The silence was brief. ‘I’m sorry, Peter,’ she said, and hung up.

Knight reached home around ten, wondering if his sister-in-law would ever come to terms with him – or with Kate’s death. It wasn’t until he was standing at his front door that he allowed himself to realise that three years before, right about this time, his late wife had gone into labour.

He remembered Kate’s face after her waters had broken – no fear, just sheer joy at the impending miracle. Then he recalled the ambulance taking her away. Knight opened the door of his home and went inside, as deeply confused and heartbroken as he’d been thirty-six months before.

The house smelled of chocolate, and two brightly wrapped presents sat on the table in the hallway. He grimaced, realising that he hadn’t yet had the chance to go shopping for the kids. Work had been all-consuming. Or had he just let it be all-consuming so that he would not have to think about their birthday and the anniversary of their mother’s death?

With no good answer to any of it, Knight examined the presents and was surprised to see that they were from his mother, the gift tags signed: ‘With love, Amanda’.
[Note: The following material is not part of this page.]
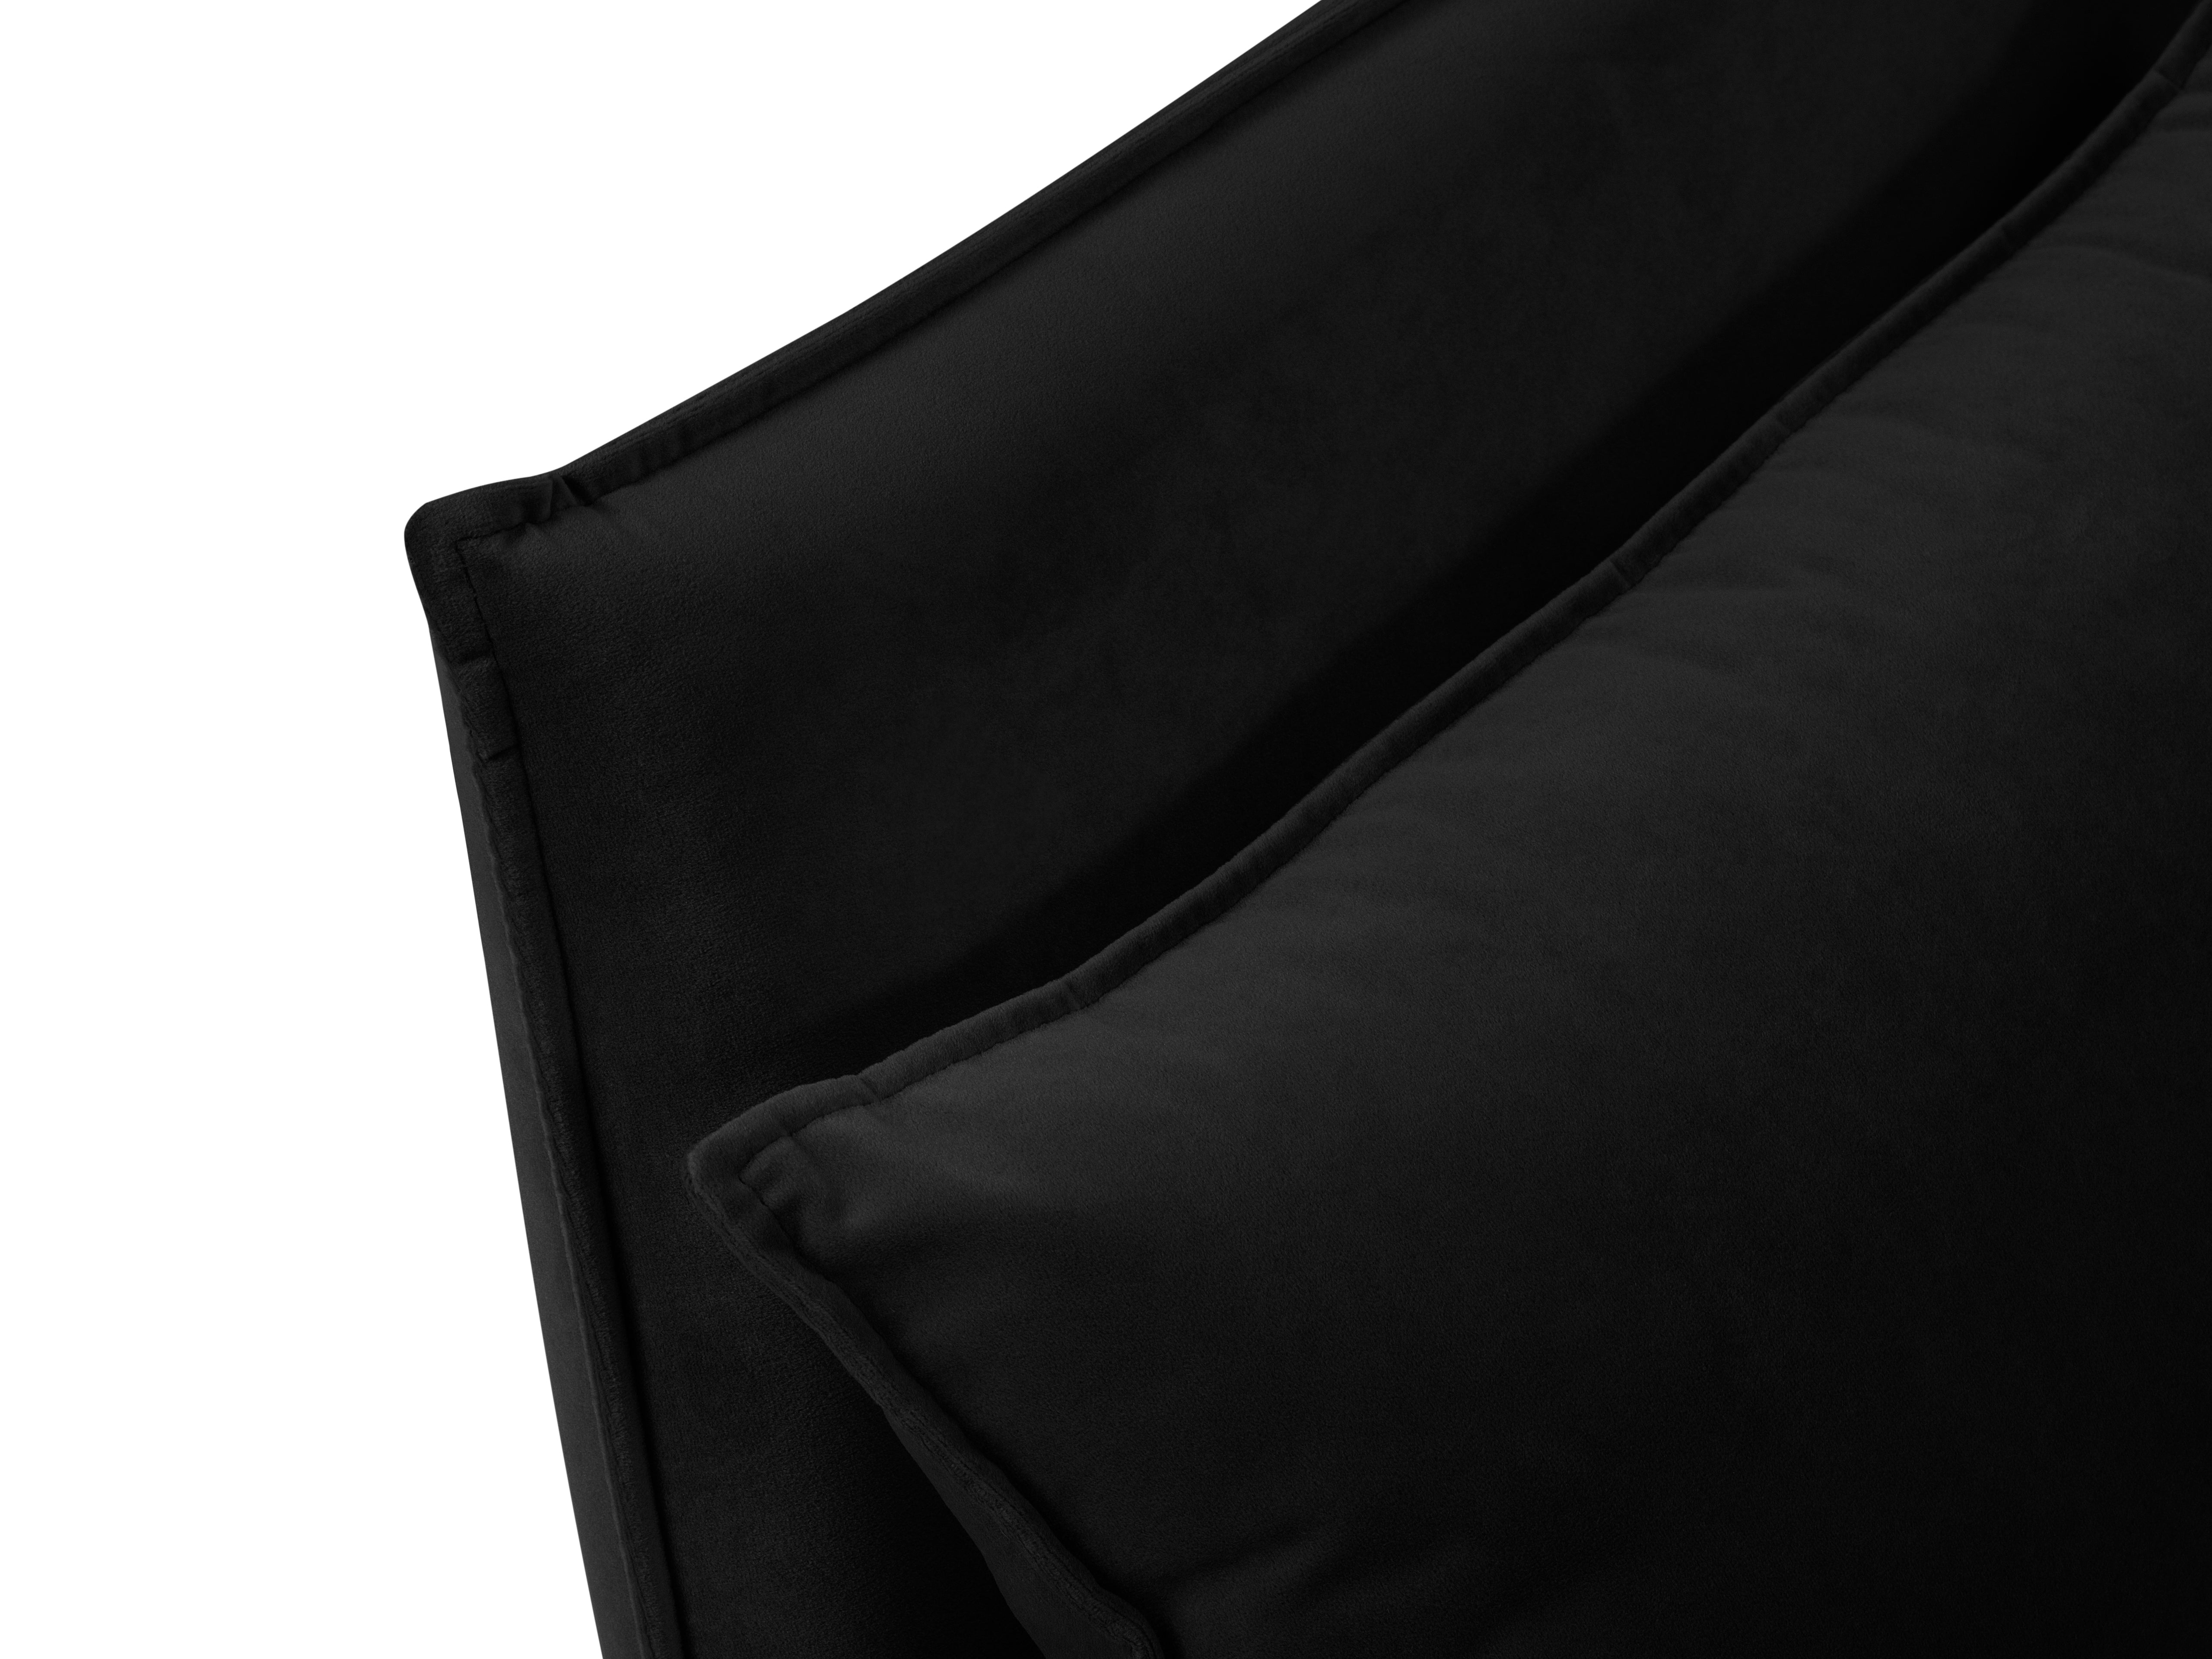 Velvet black fabric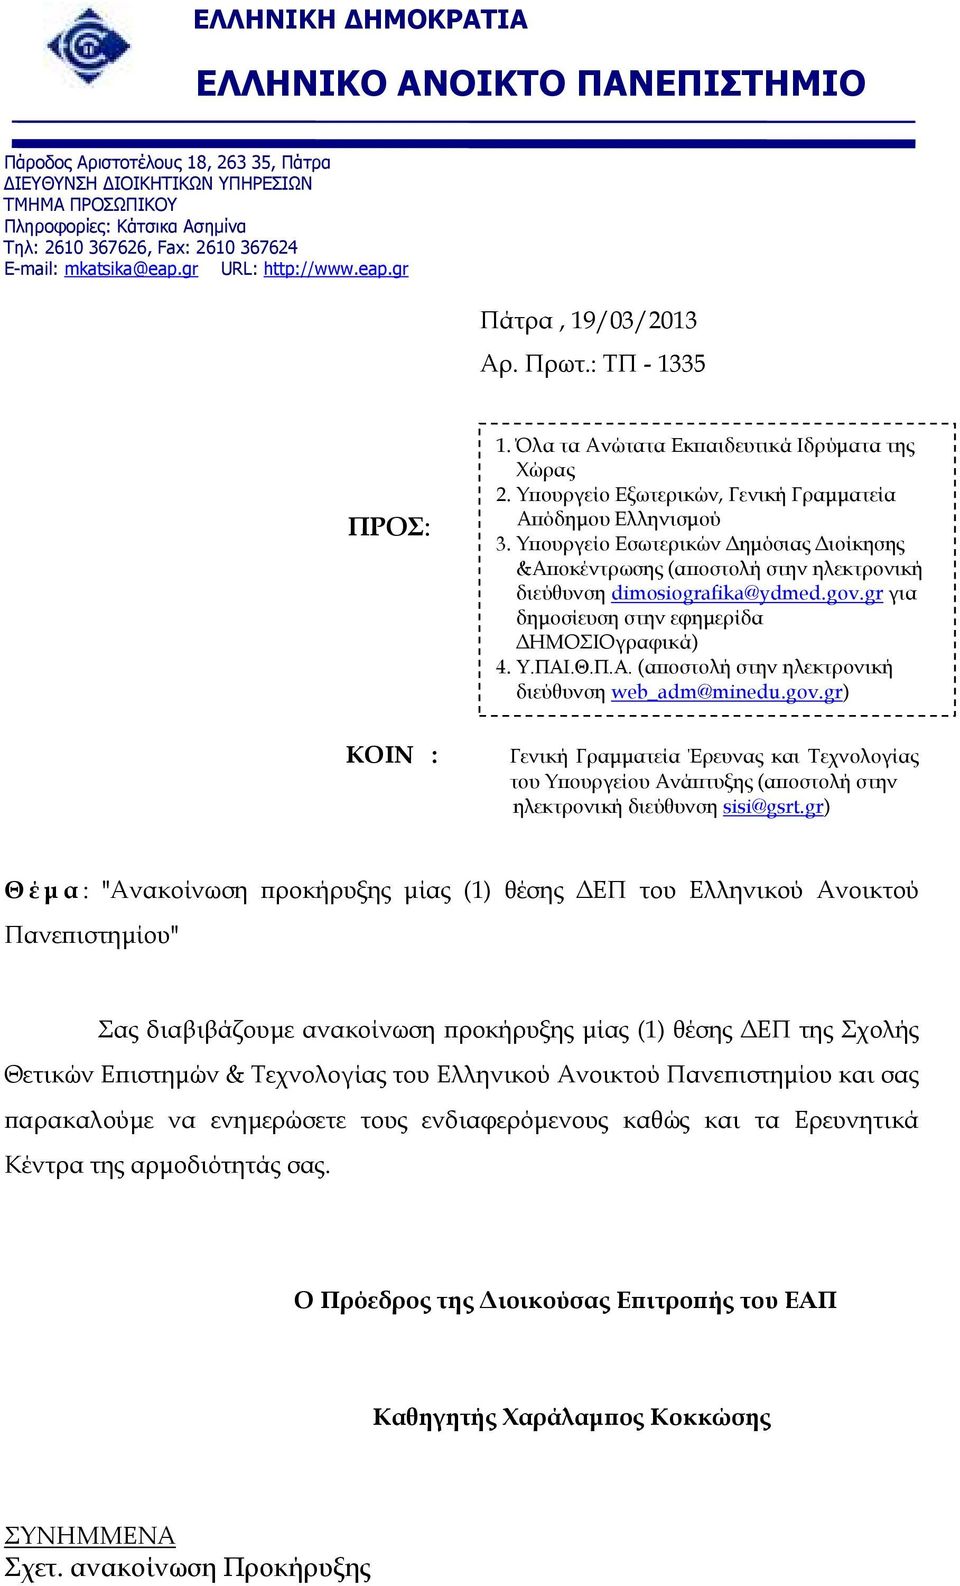 Υ ουργείο Εσωτερικών ηµόσιας ιοίκησης &Α οκέντρωσης (α οστολή στην ηλεκτρονική διεύθυνση dimosiografika@ydmed.gov.gr για δηµοσίευση στην εφηµερίδα ΗΜΟΣΙΟγραφικά) 4. Υ.ΠΑΙ.Θ.Π.Α. (α οστολή στην ηλεκτρονική διεύθυνση web_adm@minedu.

He smiled and tears brimmed in his eyes; if his mother had taken the time from her isolation, grief, and bitterness to buy her grandchildren presents, then maybe she was not allowing herself to retreat as completely as she had after his father’s death.

‘I’ll go home, then, Mr Knight,’ Marta said, coming out of the kitchen. ‘They are asleep. Kitchen is clean. Fudge made. Luke made an unsuccessful attempt at the big-boy loo. I bought party bags, and ordered a cake too. I can be here all day tomorrow through the party. But I will need Sunday off.’

Sunday. The men’s marathon. The closing ceremony. Knight had to be available. Perhaps he could talk his mother or Boss into coming one more time.

‘Sunday off, and you really don’t need to be here before noon tomorrow,’ Knight said. ‘I usually take them to Epping Forest and High Beach Church on the morning of their birthday.’

‘What’s there?’ Marta asked.

‘My late wife and I were married at the church. Her ashes are scattered in the woods out there. She was from Waltham Abbey and the forest was one of her favourite places.’

‘Oh, I’m sorry,’ Marta said uncomfortably, and moved towards the door. ‘Noon, then.’

‘Noon sounds good,’ Knight said and shut the door behind her.

He shut off the lights, checked on the kids, and went to his bedroom.

Knight sat on the edge of his bed, gazing at Kate looking out from the photo at him, and remembering in vivid detail how she’d died.

He broke down, sobbing.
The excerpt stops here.